You are viewing a plain text version of this content. The canonical link for it is here.
Posted to commits@superset.apache.org by hu...@apache.org on 2023/03/18 00:02:34 UTC

[superset] branch master updated: chore: Hugh/migrate estimate query cost to v1 (#23226)

This is an automated email from the ASF dual-hosted git repository.

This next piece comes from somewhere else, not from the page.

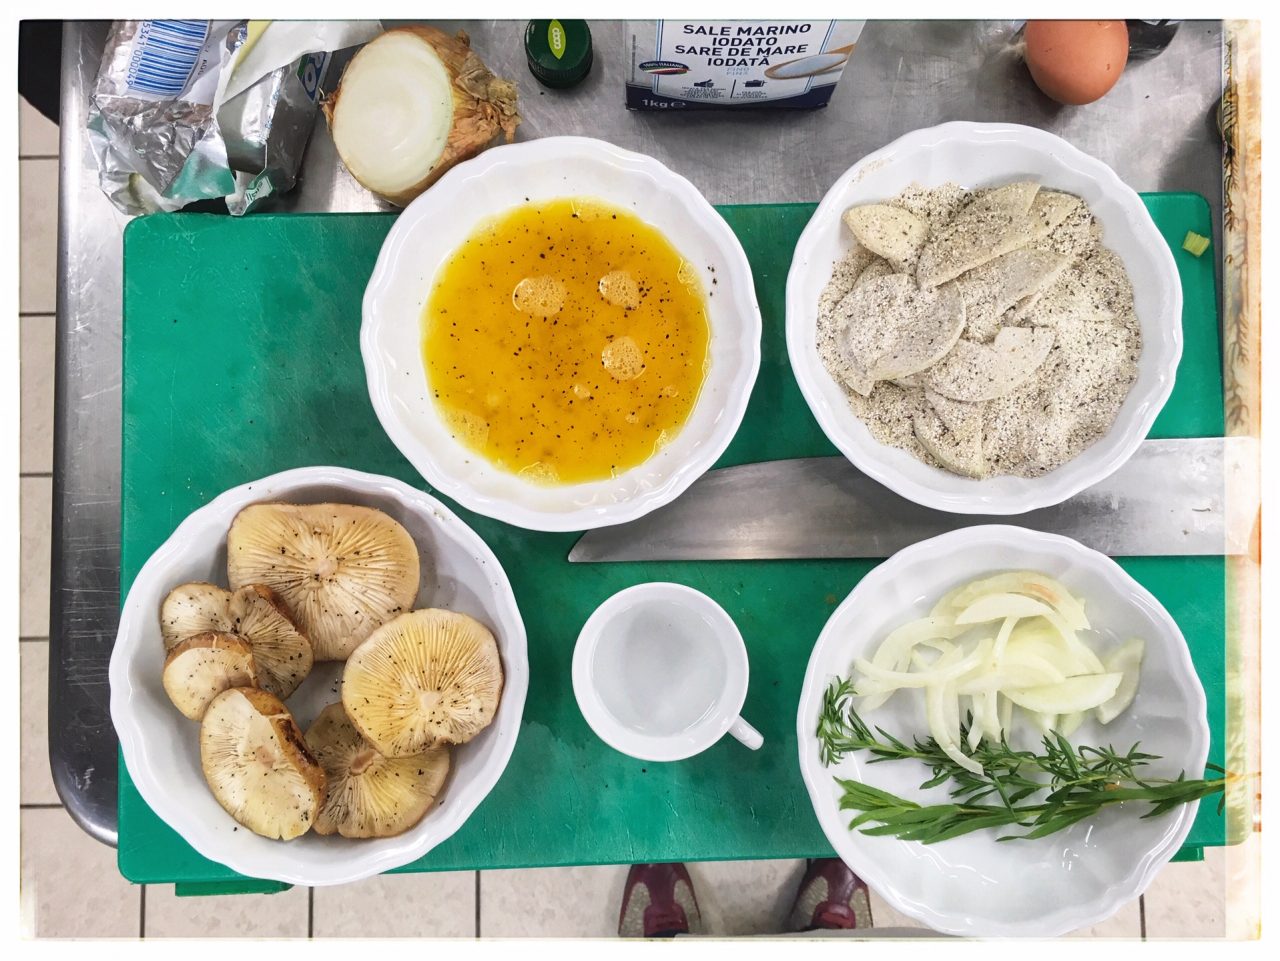 La Grappa del Trentino nel piatto: Palazzo Roccabruna kitchen. Prepping pears with buckwheat flour, grappa bianca and shitake mushrooms

hugh pushed a commit to branch master
in repository https://gitbox.apache.org/repos/asf/superset.git


The following commit(s) were added to refs/heads/master by this push:
     new 8fa77adf9a chore: Hugh/migrate estimate query cost to v1 (#23226)
8fa77adf9a is described below

commit 8fa77adf9a810d622ea3033e621e3925e503b993
Author: Hugh A. Miles II <hu...@gmail.com>
AuthorDate: Fri Mar 17 18:02:25 2023 -0600

    chore: Hugh/migrate estimate query cost to v1 (#23226)
    
    Co-authored-by: Diego Medina <di...@gmail.com>
---
 UPDATING.md                                       |   1 +
 superset-frontend/src/SqlLab/actions/sqlLab.js    |  20 ++--
 superset-frontend/src/SqlLab/reducers/sqlLab.js   |   2 +-
 superset/security/manager.py                      |   1 +
 superset/sqllab/api.py                            |  56 +++++++++++-
 superset/sqllab/commands/estimate.py              | 106 ++++++++++++++++++++++
 superset/sqllab/schemas.py                        |   9 ++
 superset/views/core.py                            |   1 +
 tests/integration_tests/sql_lab/api_tests.py      |  67 ++++++++++++++
 tests/integration_tests/sql_lab/commands_tests.py |  81 ++++++++++++++++-
 10 files changed, 329 insertions(+), 15 deletions(-)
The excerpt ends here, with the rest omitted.